A DIN uniquely identifies the following product characteristics:

  • Manufacturer;
  • Product name;
  • Active ingredient(s);
  • Strength(s) of active ingredients(s);
  • Pharmaceutical form; and
  • Route of administration.

Drug Product: A particular presentation of a medicine characterized by its pharmaceutical dosage form and the strength of the active ingredient(s).

Ex-factory price: The price established for the first arm’s length sale of the product into the distribution chain, whether to wholesalers, hospitals, pharmacies and others. This price always excludes sales taxes and wholesale mark-ups when the wholesale function is not carried out by the patentee. With respect to the reporting of publicly available ex-factory prices in Form 2 Block 5, the ex-factory price can be the price that is agreed on between the patentee or former patentee and the regulatory body of the country in which it is sold by the patentee.

Former patentee: A former patentee is a person who is no longer entitled to the benefit of the patent pertaining to a medicine. For example, a patentee may become a former patentee as a result of patent expiration, patent lapse, or termination of contractual agreements with the patent owner/holder. The filing should only cover the periods during which the drug product was patented.

Generic Product: A pharmaceutical product that is bioequivalent to a brand-name drug product sold in Canada, or that is a licensed version of the same brand name drug product sold in Canada. A generic product may nonetheless have patents that pertain to it.

Hospital: A health care institution licensed, approved or designated as a hospital by a provincial or territorial government or is owned or operated by the Government of Canada to provide continuing medical care and supporting diagnostic and therapeutic services.

Indication: An indication is a specific condition, manifested by the presence of disease or medical signs or symptoms that the medicine addresses, prevents and treats, as approved by Health Canada.

Investigational New Drug (IND): A drug for human or veterinary use that is being investigated with approval from Health Canada.

In vivo: In relation to a medicine, the application or administering of such medicine into or upon the living body of human beings or animals.

License: A contractual agreement, whether express or implied, between a patent holder and a licensee under which the latter is permitted to exercise some or all of the otherwise exclusive patent rights of the patentee, generally for monetary consideration (e.g., royalties in the form of a share of the licensee’s sales).

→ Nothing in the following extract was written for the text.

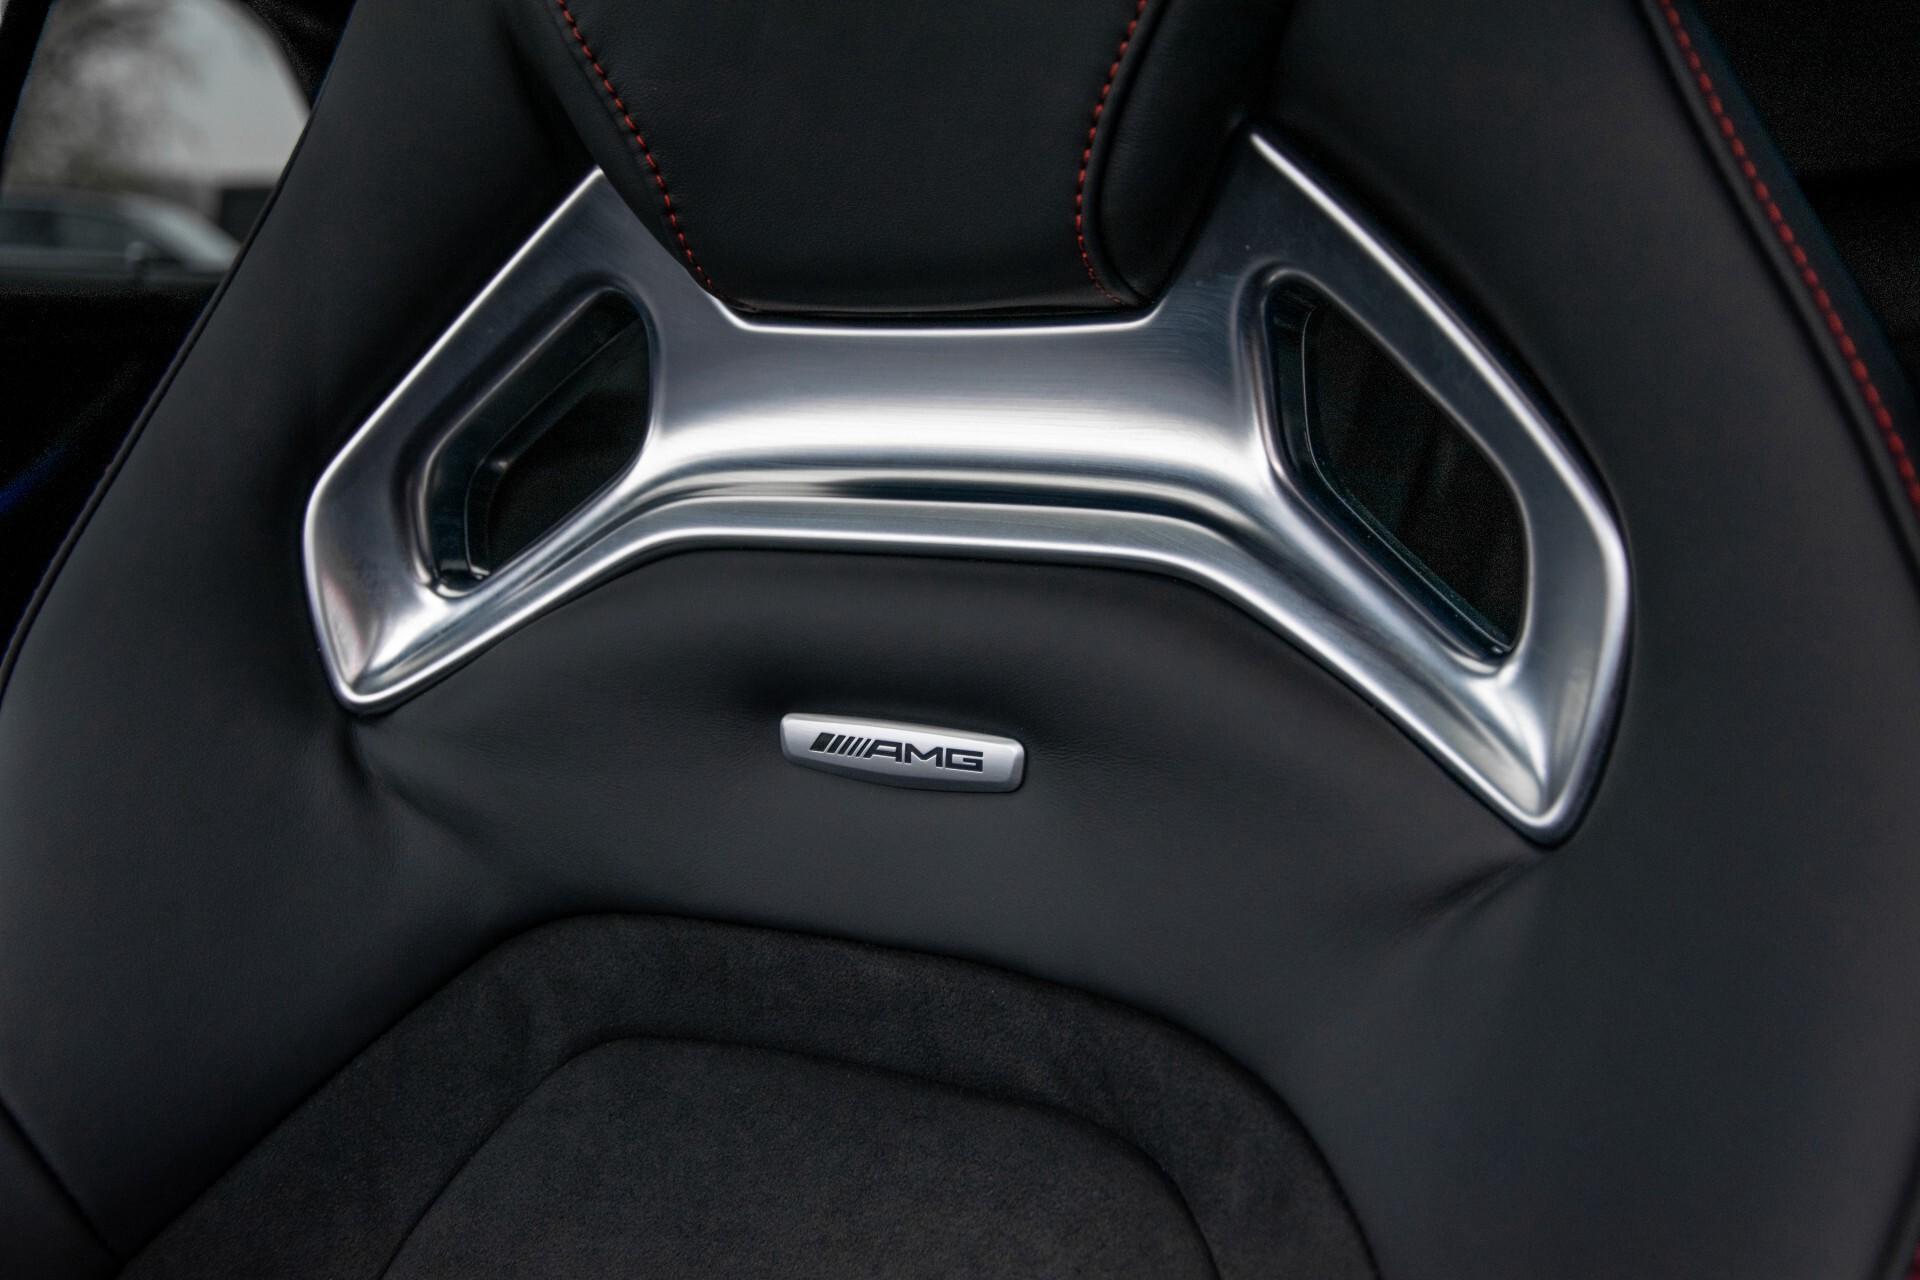 Mercedes-Benz AMG GT 4-Door Coupe 63 S 4M+ Keramisch/Full Carbon/Aerodynamica/Burmester 3D/TV/Performance stoelen/Standkachel Aut9 Foto 40

License, Compulsory: A license granted by the Commissioner of Patents that permits the licensee to import, make, use or sell a patented invention pertaining to a medicine. The compulsory licensee pays license fees or royalties to the patent holder for use of the patented invention.

With the exception of those compulsory licenses issued prior to December 20, 1991, which continue to be in effect, the 1993 amendments to the Patent Act repealed the compulsory licensing regime effective December 20, 1991. Accordingly all compulsory licenses issued after December 20, 1991 cease to have effect.

Medicine: Any substance or mixture of substances made by any means, whether produced biologically, chemically, or otherwise, that is applied or administered in vivo in humans or in animals to aid in the diagnosis, treatment, mitigation or prevention of disease, symptoms, disorders, abnormal physical states, or modifying organic functions in humans and or animals, however administered.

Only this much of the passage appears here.